Scientists reveal driving force behind evolution - 0 views

  • The team observed viruses as they evolved over hundreds of generations to infect bacteria. They found that when the bacteria could evolve defences, the viruses evolved at a quicker rate and generated greater diversity, compared to situations where the bacteria were unable to adapt to the viral infection. The study shows, for the first time, that the American evolutionary biologist Leigh Van Valen was correct in his 'Red Queen Hypothesis'. The theory, first put forward in the 1970s, was named after a passage in Lewis Carroll's Through the Looking Glass in which the Red Queen tells Alice, 'It takes all the running you can do to keep in the same place'. This suggested that species were in a constant race for survival and have to continue to evolve new ways of defending themselves throughout time.

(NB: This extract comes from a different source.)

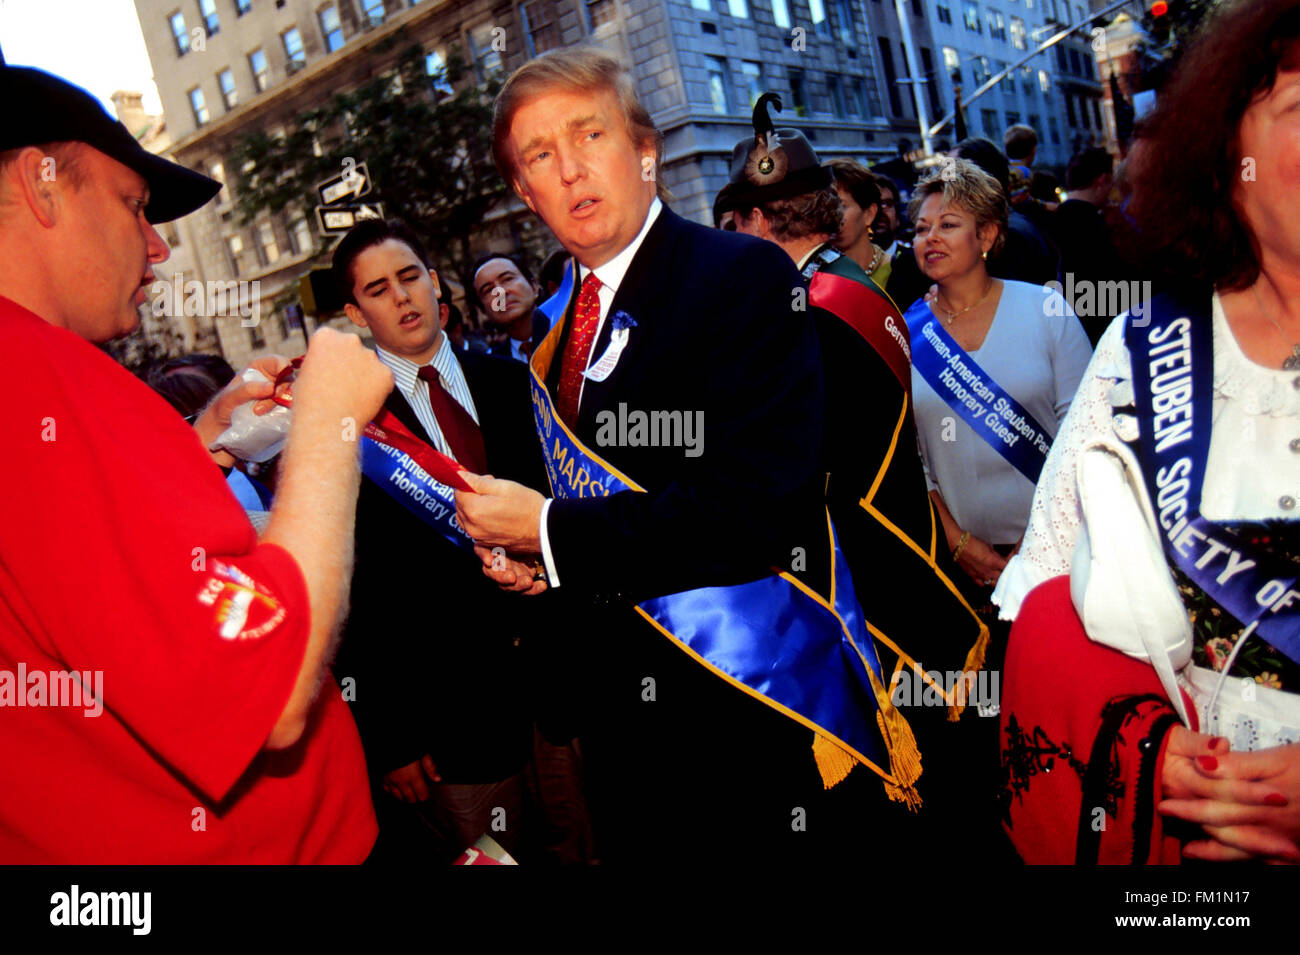 Real Estate Developer Donald Trump receives a ceremonial medal before marching as the Grand Marshal in the 42nd Annual Steuben Day Parade on September 18, 1999. Donald Trump owns considerable real estate in New York City and in Atlantic City and is under investigation by the New York State Lobbying Commission for illegal lobbying by trying to kill casino related legislation in Albany. (© Richard B. Levine) Stock Photo
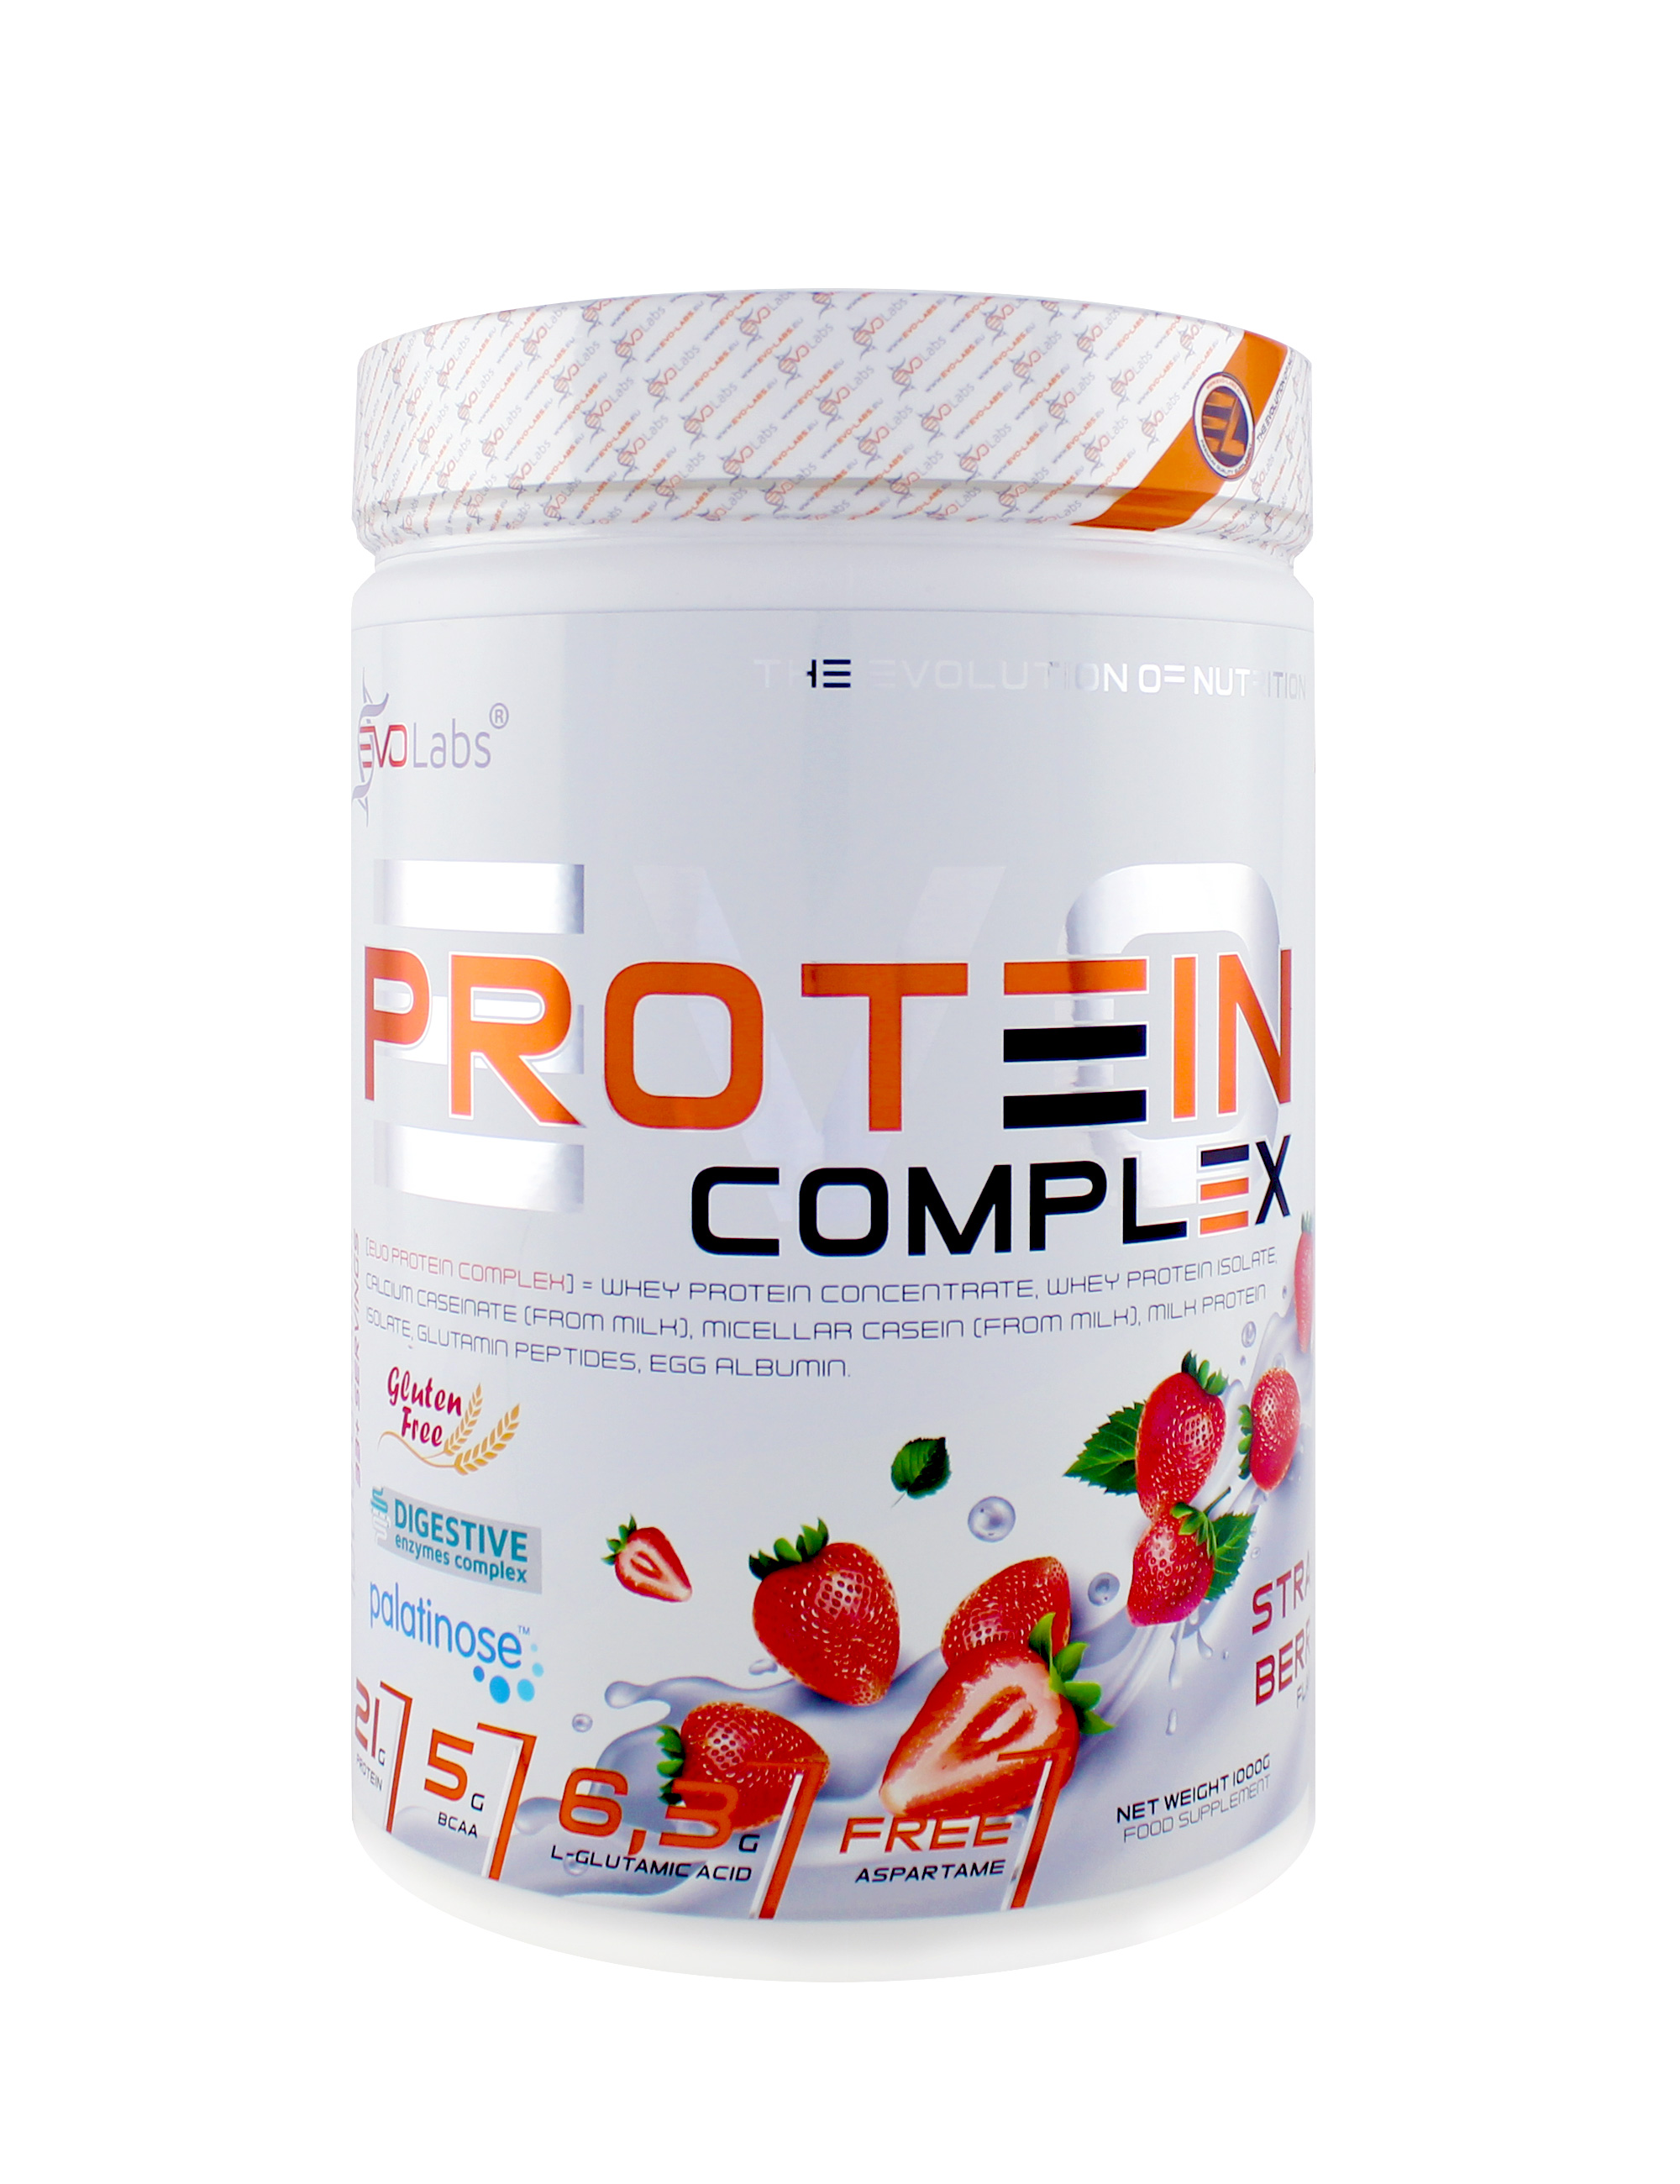 EVOLabs Protein Complex 1000g - Chocolate

Dr Steve Paterson, from the University's School of Biosciences, explains: "Historically, it was assumed that most evolution was driven by a need to adapt to the environment or habitat. The Red Queen Hypothesis challenged this by pointing out that actually most natural selection will arise from co-evolutionary interactions with other species, not from interactions with the environment. "This suggested that evolutionary change was created by 'tit-for-tat' adaptations by species in constant combat. This theory is widely accepted in the science community, but this is the first time we have been able to show evidence of it in an experiment with living things." Dr Michael Brockhurst said: "We used fast-evolving viruses so that we could observe hundreds of generations of evolution. We found that for every viral strategy of attack, the bacteria would adapt to defend itself, which triggered an endless cycle of co-evolutionary change. We compared this with evolution against a fixed target, by disabling the bacteria's ability to adapt to the virus. "These experiments showed us that co-evolutionary interactions between species result in more genetically diverse populations, compared to instances where the host was not able to adapt to the parasite. The virus was also able to evolve twice as quickly when the bacteria were allowed to evolve alongside it."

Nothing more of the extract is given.